@JLeslie asked me to share my experience with our Holocaust education in Germany.
If I remember correctly, I was in 8th grade when the Holocaust was part of our history classes. And again in 10th, 11th and 12th grade. Almost every senior of a German high school makes a field trip to one of the former concentration camps. In my case it was Dachau near Munich. When I was in the German army our company also visited Bergen-Belsen near Hannover. I also remember when our kids first talked about it at school and when we discussed it at home. Again and again it was about why, why, why did this happen. And whether Germans will ever be allowed to love their country again. I told my kids that they can be proud of today’s Germany if they help sustaining and improving a Germany that is totally different from the Germany of 1933–1945. I also told them that there are still many countries out there which glorify their past and hide their crimes, whether that is Japan or Russia or Turkey or Spain. Even today there are street names in Spain named after Franco, the fascist. Turkey suspended diplomatic relations with France just recently, because Turkey still denies the Armenian genocide and France is very outspoken about it.
Here’s a good overview of the Holocaust education in Germany. You might want to compare it with the slavery and segregation education in the US.

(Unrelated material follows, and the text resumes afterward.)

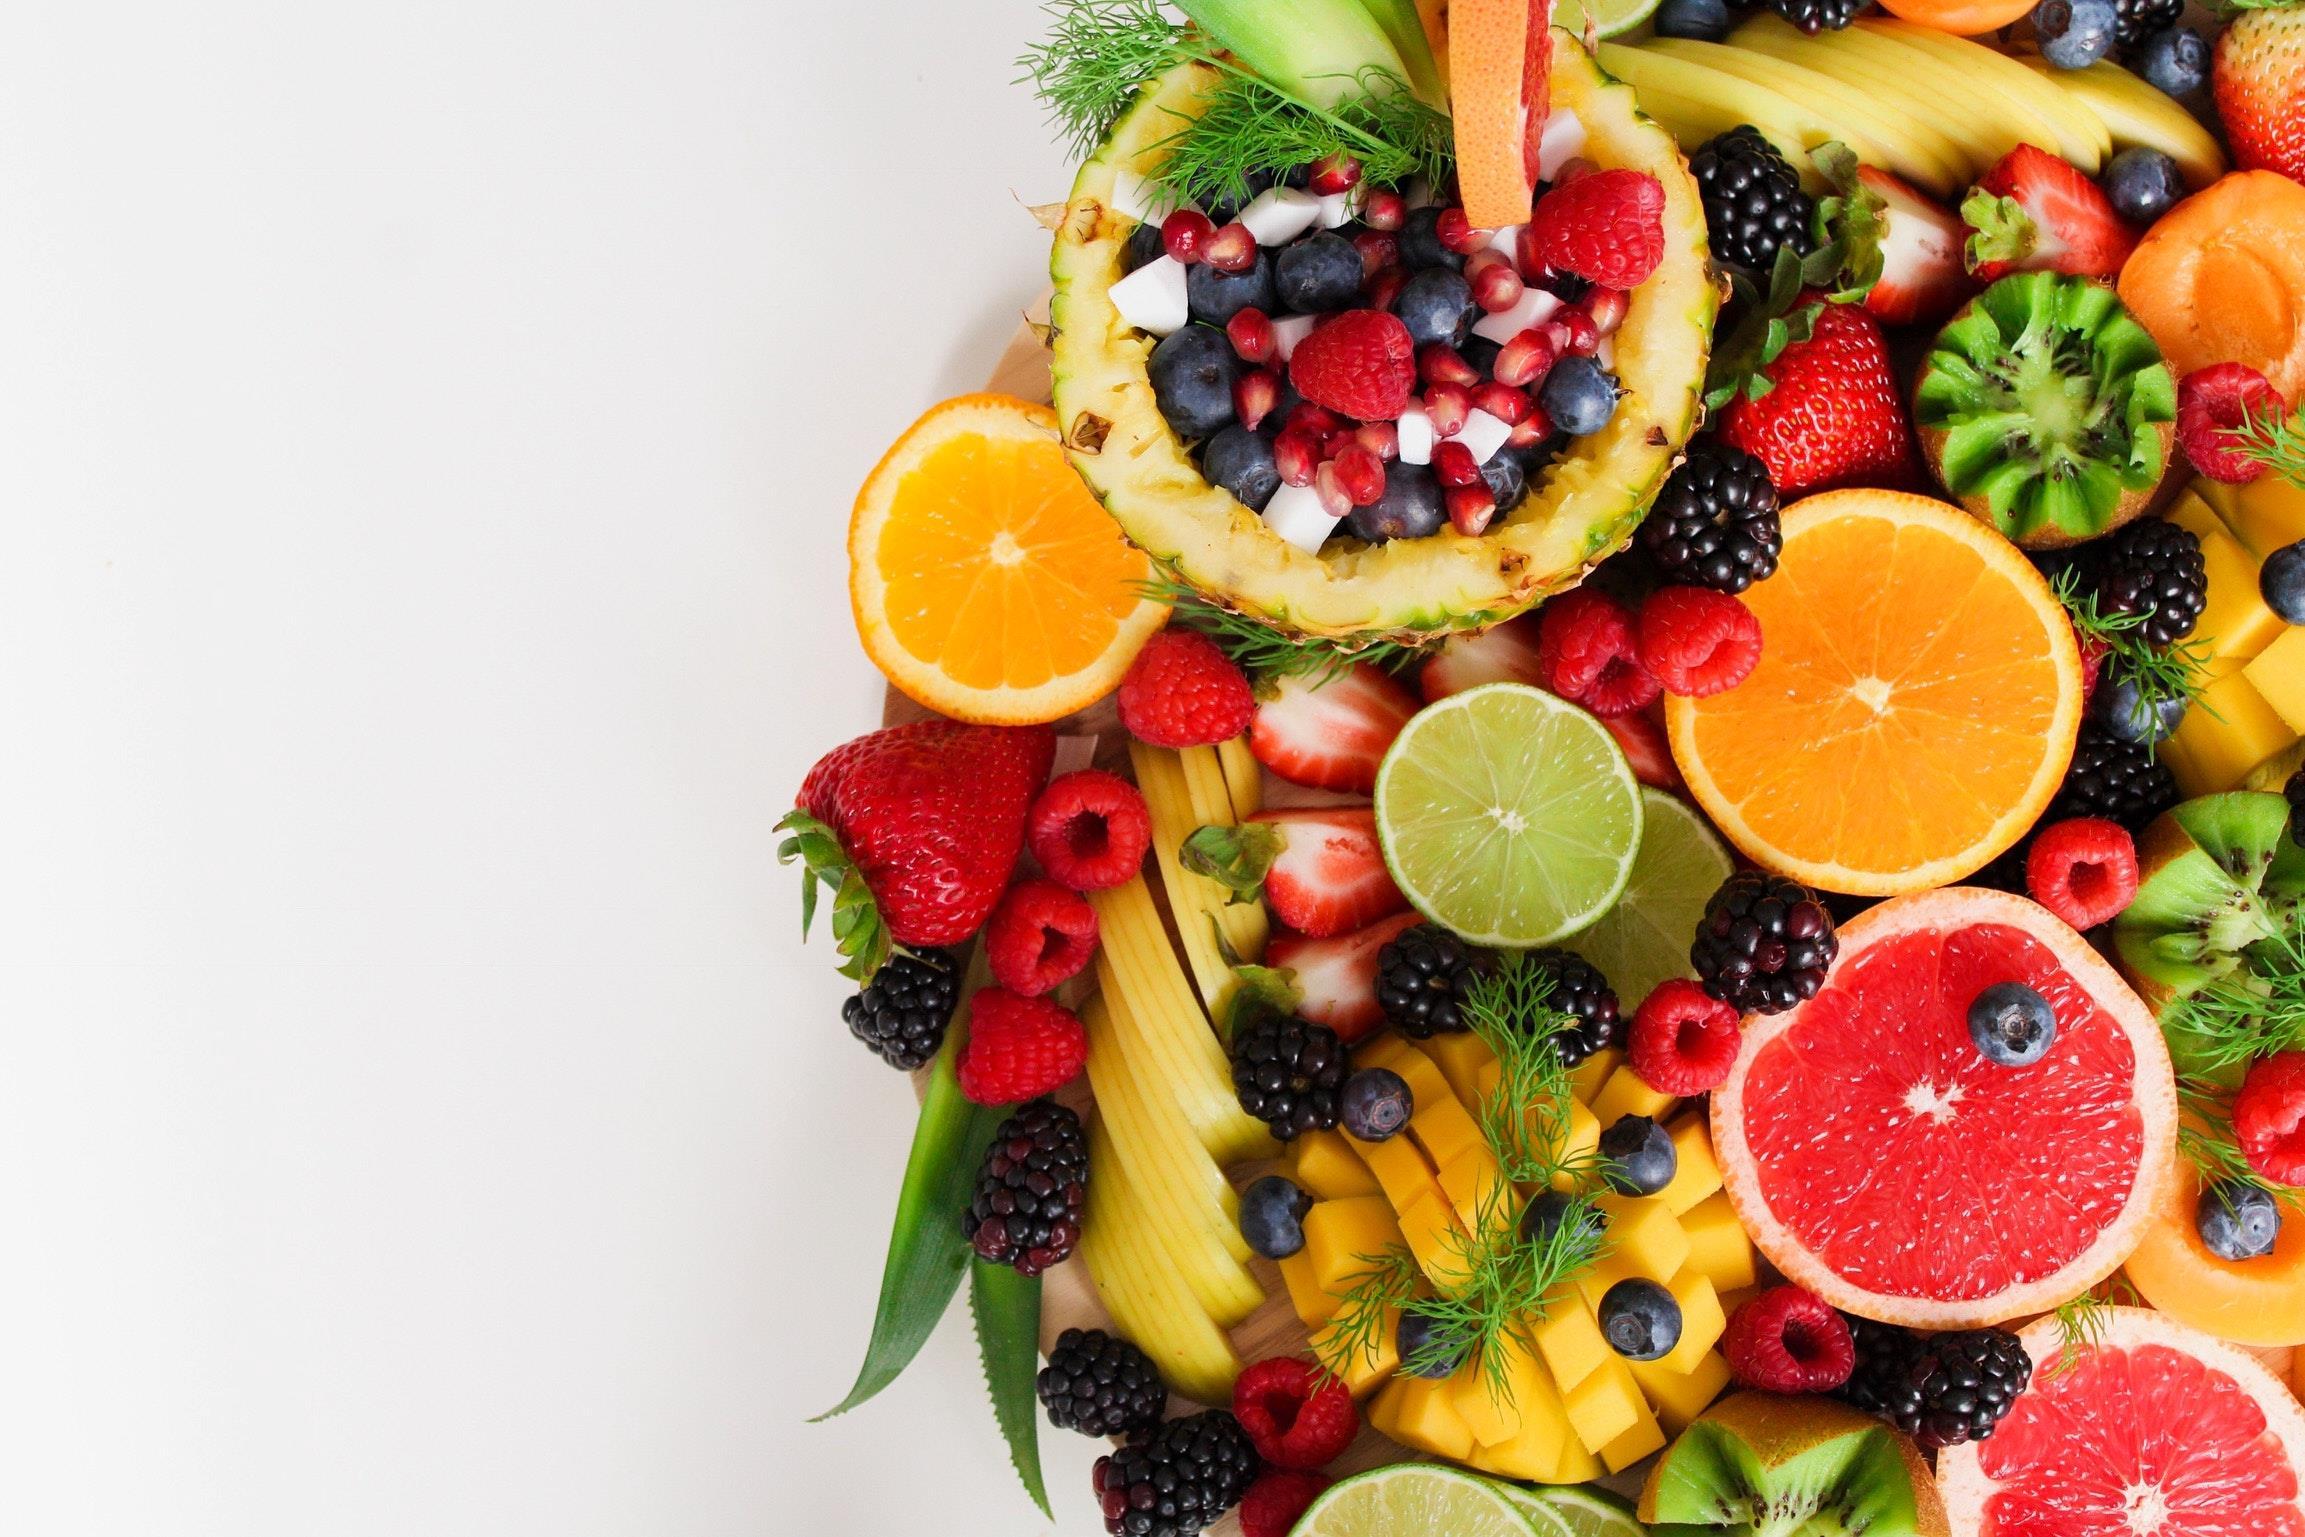 Frutta e verdura alimenti consigliati per acne tardiva

http://www.chgs.umn.edu/educational/germanEducation.html
The concluding statement is this:
“The German government has in the past established bilateral textbook commissions in cooperation with education specialists from a number of foreign countries (including the U.S. and Israel). These joint commissions examine the school textbooks of both countries with reference to the treatment of the other country, and issue recommendations. The German-Israeli textbook commission, whose findings were published in 1985, has had a considerable influence on the treatment of Jewish life and Jewish history, including the Holocaust, in school textbooks in Germany. Recently, the Israeli education expert, Chaim Schatzker, who has examined German textbooks since the early 1960s, stated that although he was not entirely satisfied with everything he had read, the treatment of antisemitism as part of German history was adequate in general, and exemplary in some textbooks. He also noted that the Holocaust is treated extensively and in an uncompromising way in all textbooks. He added that the large majority of textbooks addressed the issue of responsibility and co-responsibility of German citizens during the Third Reich seriously and in detail.

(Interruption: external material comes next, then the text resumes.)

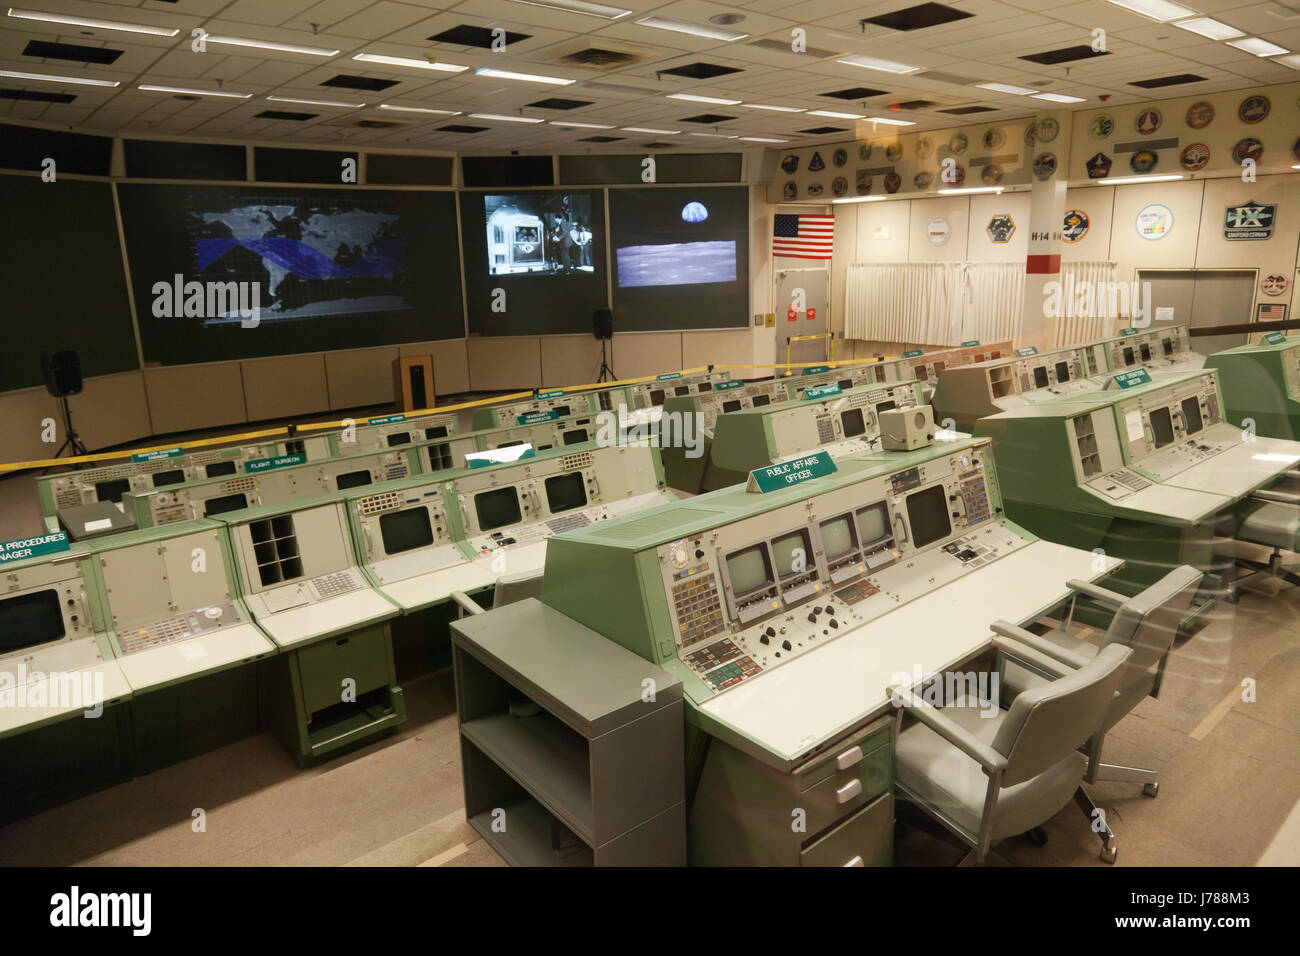 johnson space center apollo 13 - photo #14

Teaching social values and imparting the knowledge of the achievements and crimes that human beings are capable of are essential for nourishing a commitment to tolerance and democracy in young people. Holocaust education alone, however, like any ethics teaching, is not enough to eliminate the crime and intolerance that are bred by social dislocation. If the teaching of ethics were a panacea, there would be no thefts, no homicides, and no bias-related crimes—because all perpetrators were once taught not to steal, not to kill, and not to hate.”